As this article is about connecting Lotus Domino to a JMS provider, you need to install and configure a JMS provider. We use WebSphere MQ V6 because of its support of JMS 1.1 and its popularity as Message Oriented Middleware (MOM). Because JMS requires a JNDI provider, we also use WebSphere MQ as the JNDI provider. This requires a supportPac, and then creating the JNDI administered objects that are bound to the MQ underlying entities. -
Configure Lotus Domino.
To demonstrate the Lotus Domino-to-JMS concept, we have developed a simple application with forms, views, and the Java agents. In this section, we cover the basics of the Lotus Notes application and discuss how to construct the Java agent in Lotus Domino Designer. Finally, we discuss the Java code and how it works. -
Run the samples.
To demonstrate the code, we run the agent to push messages to WebSphere MQ followed by showing the message as it appears in WebSphere MQ. Then we run a different agent that fetches the messages back from WebSphere MQ and into Lotus Domino to demonstrate that we can support the producer and consumer sides of messaging. Finally, we open the retrieved message in the Lotus Notes client as a Notes document showing the message body.

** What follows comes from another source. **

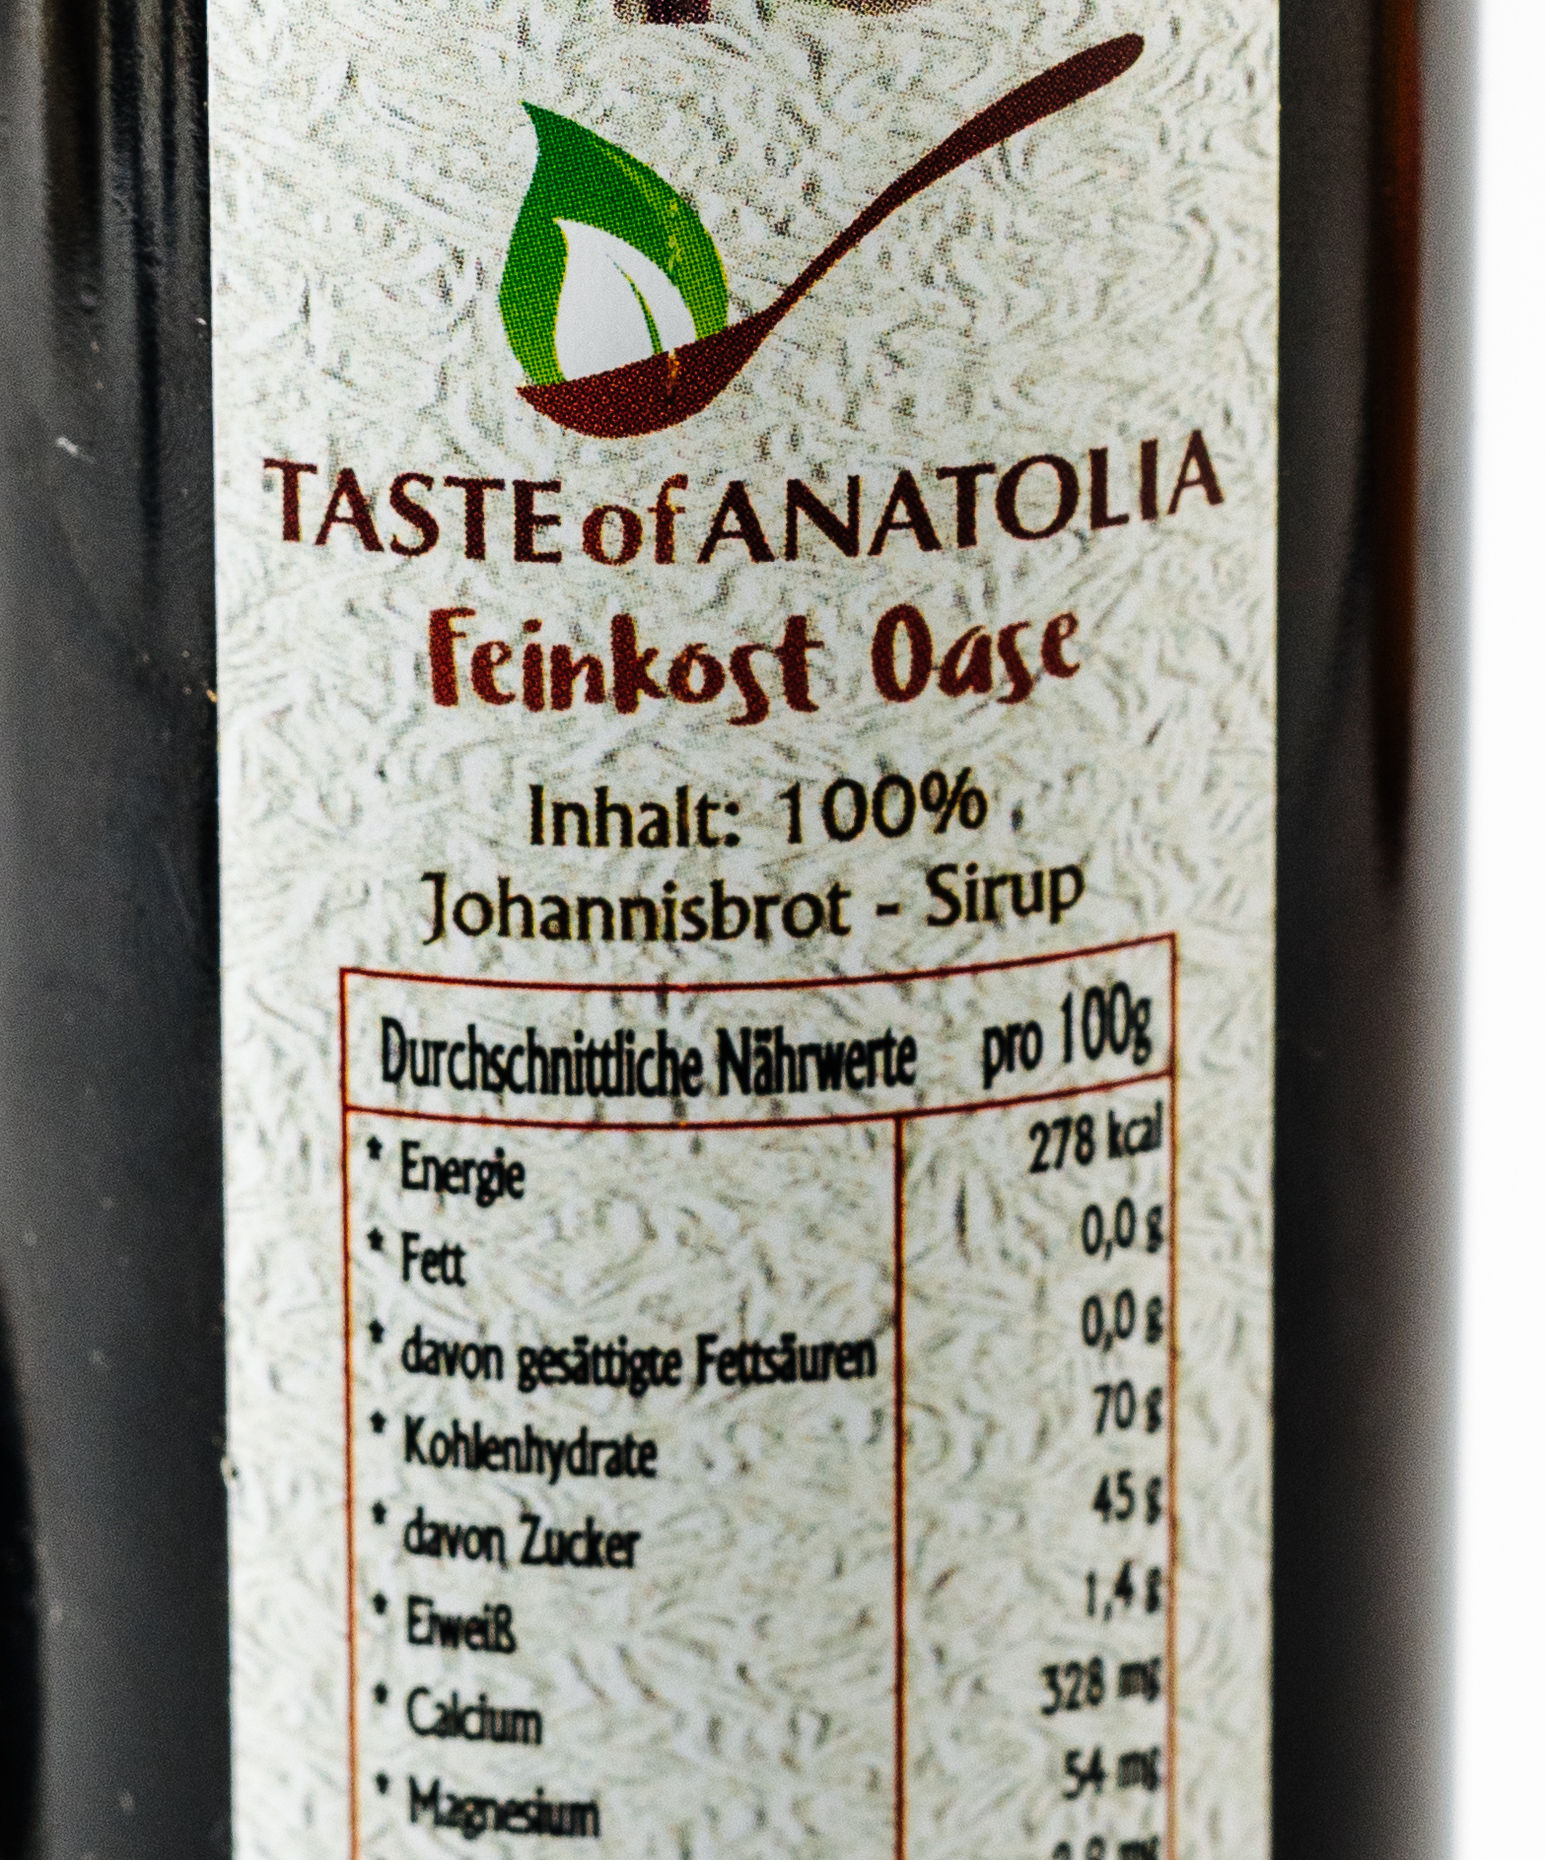 Taste of Anatolia Johannisbrotmelasse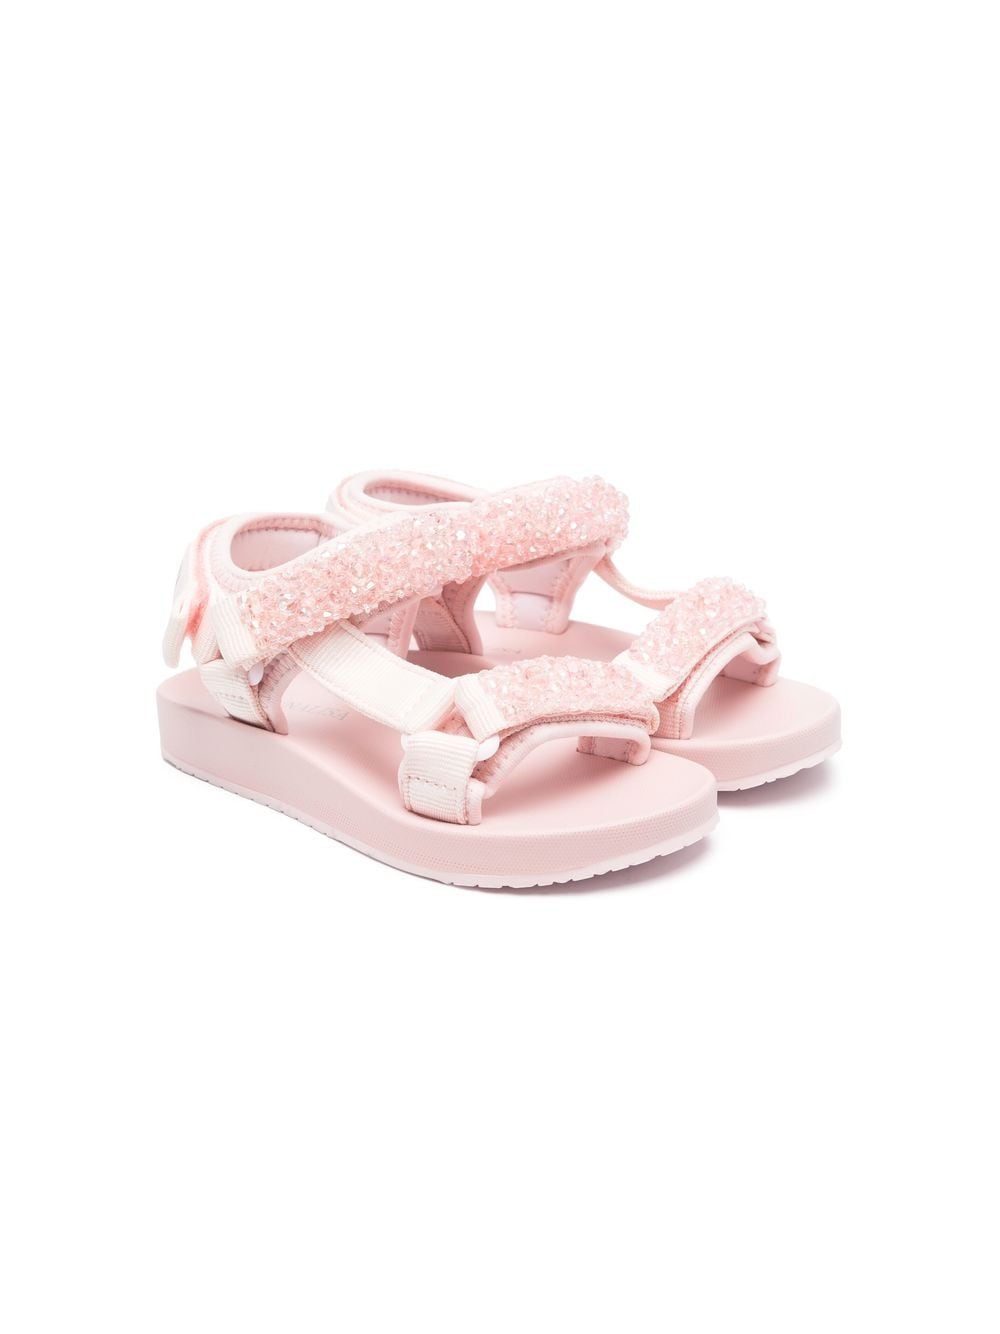 Monnalisa sequin embellished sandals - Pink von Monnalisa

WebSphere MQ V6 supports JMS 1.1. This means that WebSphere MQ V6 can function as a JMS 1.1 provider. Remember that JMS is only a specification for an API; the messaging system provides messaging by implementing the JMS specification.
For JMS clients to connect to WebSphere MQ, you must create and configure a queue manager. A queue manager supplies the runtime processes that provide JMS capabilities to JMS clients. WebSphere MQ provides an Eclipse-based administration client to assist in this process.
- Start WebSphere MQ Explorer by choosing Start - All Programs - IBM Websphere MQ - Websphere MQ Explorer.
- Select the Queue Manager folder in the WebSphere MQ Explorer navigator, then right-click and select New - Queue Manager.
- In the wizard, enter Domino.QMGR as the queue manager name. Select "Make this the default queue manager" option. Enter SYSTEM.DEAD.LETTER.QUEUE in the Dead letter queue field. Leave the defaults for the other fields, and then click Finish as shown in figure 2.
Figure 2. Queue manager configuration
At this point, you have created a queue manager that is capable of storing messages in Websphere MQ, but JMS clients need a JNDI provider as well.
JNDI is only a specification, and thus it needs a provider to supply the implementation. IBM WebSphere MQ V6 can provide this implementation with the support of supportPac ME01, which in turn requires supportPac MS0B (see the "Resources" section). These supportPacs are easy to install: Unzip them, and copy the included JAR files to <MQ_Install>\Java\lib. Figure 3 shows the JARs that have been extracted and added to <MQ_Install>\Java\lib, namely, mqcontext.jar and com.ibm.mq.pcf-6.0.3.jar.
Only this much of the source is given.